Now that we know what’s likely causing the credit score hang-ups, let’s get down to business with how to get back into the big league numbers. If you complete these 3 phases, then you’re going to be well on your way to a fast credit-score recovery.

#1 – Draft your game plan – It’s time to fire up the laptop, because you need to know how your credit report actually looks. Yes, we all want to aim for a score of 750, but if you think you’re at 680 when really you’re at 590, then it’s going to take you a good bit longer to meet that goal and, in the course of that time, more drastic and strategic actions may be required. In essence, a super low score may reek of identity theft, fraudulent charges, or mistake that require a credit report in order to know what you’re dealing with, allowing you to seek and destroy any and all credit-score parasites. If you receive your credit report and find that fraudulent charges and/or identity theft are at the root of your sublime score, report the charges immediately and seek legal counsel to help you wade the treacherous waters of recovery.

However, once that’s finished, it’s time to follow through on your new budget plan and start figuring out how you’ll make your monthly payments.

#2 – Bring them down to 30% – One of THE biggest pointers that credit checkers look for is how close are you to your credit limit, so your primary objective for this phase is to get all of your account balances down to (maximum) 30% of your limit.

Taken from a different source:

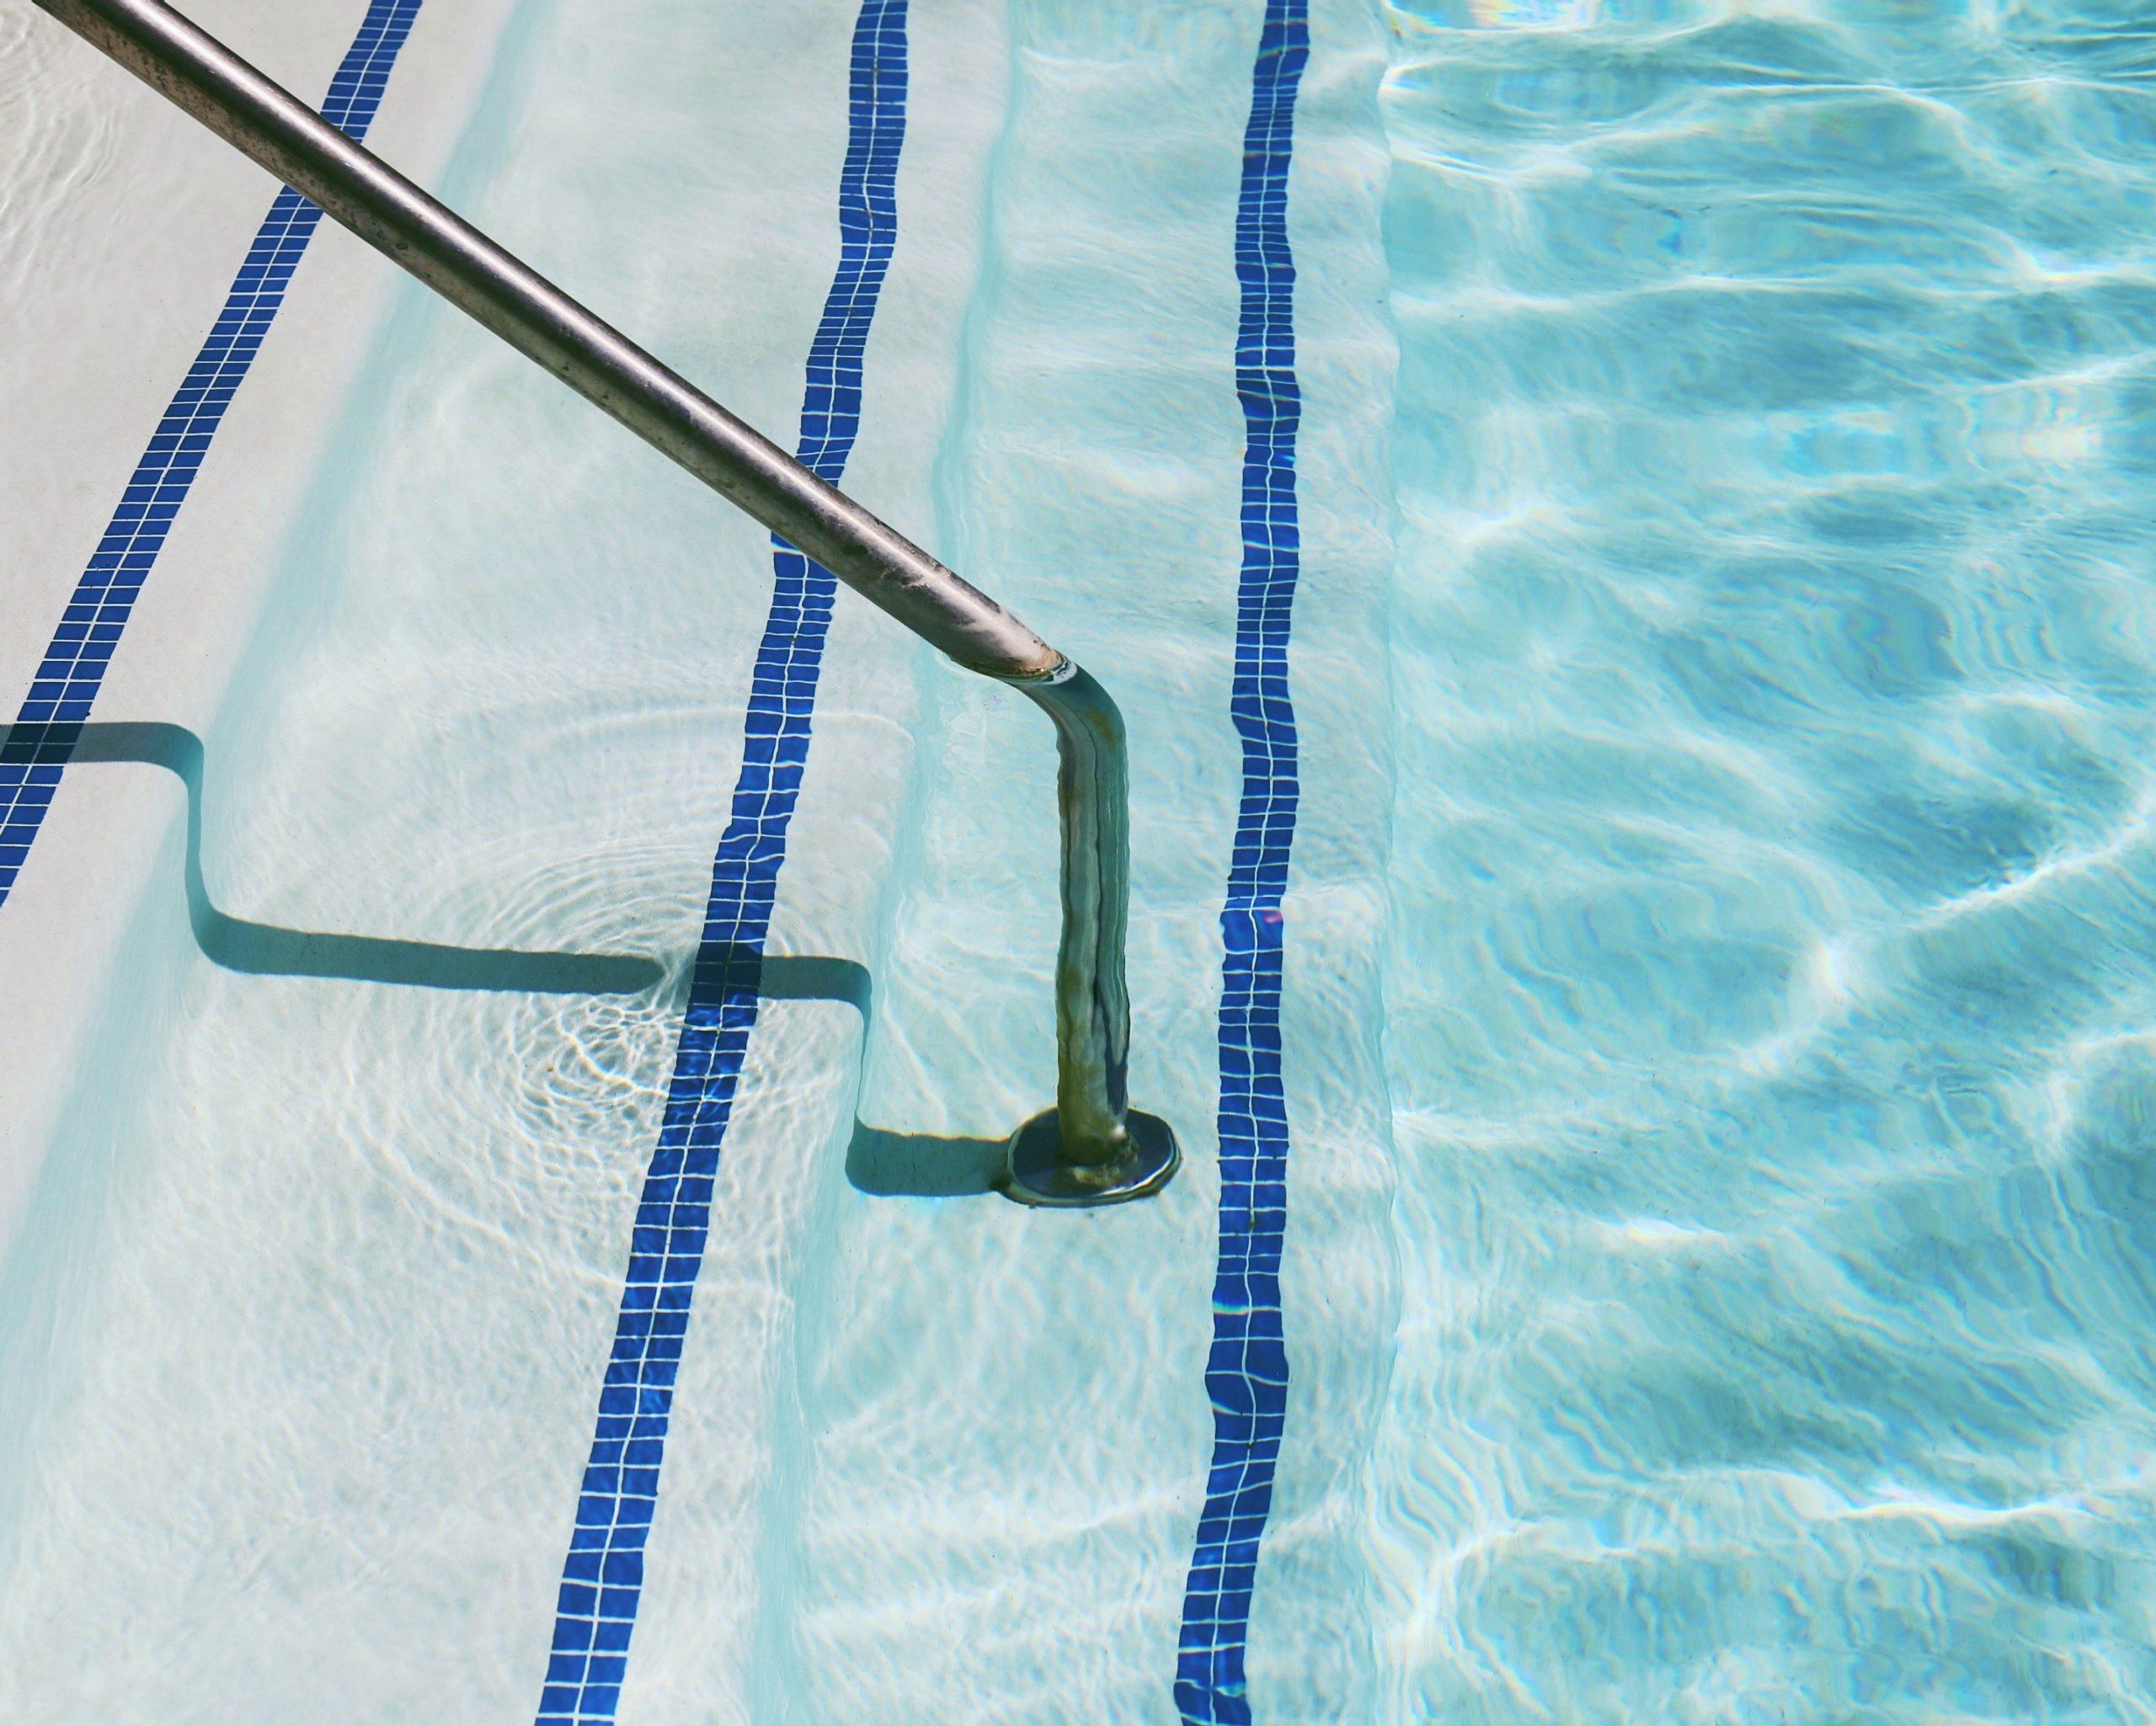 Spind im Schwimmbad aufgebrochen – wer haftet?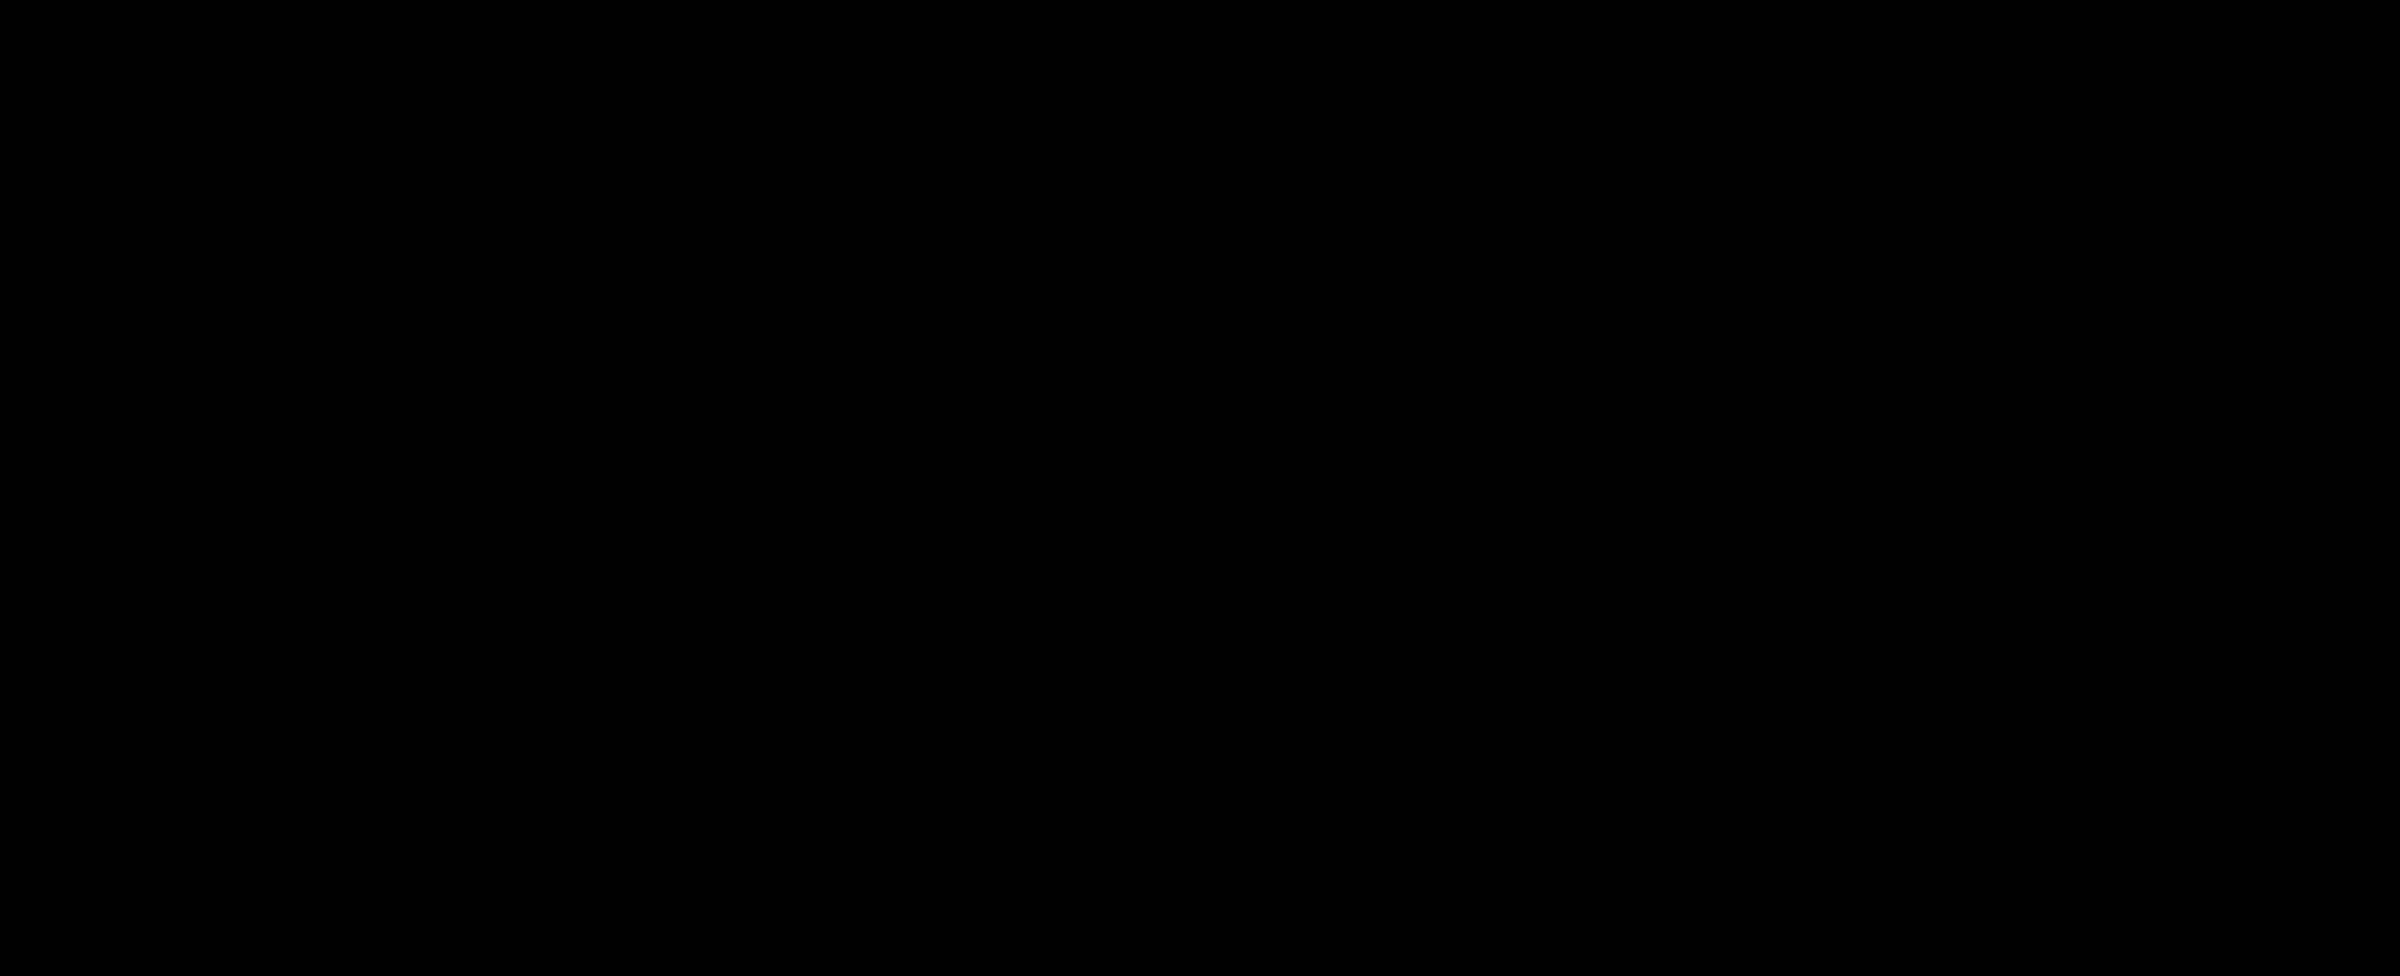 Clipart - IEC Diode Symbol

If companies can see credit potential that goes unused, then they’ll trust you with more credit.

Also, be sure to pay on your balances at least twice a month. There’s a very good strategic reason for this. According to Christine Digangi’s post on ABCNews.com: “If you want to use your credit card a lot but don’t want to hurt your credit utilization rate, consider making multiple account payments each billing cycle. You won’t know when the credit card company will report your balance to the credit reporting agencies, so paying quickly and often will keep your reported balance very low.” Simply put, sending the payment twice a month gives you a better chance of showing credit reporting agencies the lowest possible balance(s) on your credit card(s).

#3 – Schedule, Automate, Repeat – Once you have a system in place, I recommend using little helpers, like auto bill-pay and electronic checks-services that are provided by most banks. The point here is that you never want to accidentally miss a payment and cause another setback to your credit score. Hey, I get it: paying on time is not that hard to remember, but it is easy to forget (which is also another reason why paying twice is a good idea, because you cut your chances of forgetting in half).

Back in the Game

And that’s about all there is to it. In fact, it’s actually a fairly simple and easy process to get your credit back on track, but it does require personal honesty and the will to fix what’s wrong.

However, the interesting part is that, for those of us with somewhat good credit, it can actually take a lot longer to noticeably improve the score. But to those of us in the credit-gutter, you may only be a couple payments away from a massive increase. It’s much easier to improve bad credit, than it is to improve mediocre/good(ish) credit.

Hey, it’s all about incentive: because sometimes, you just need a pat on the back when you’re doing something right.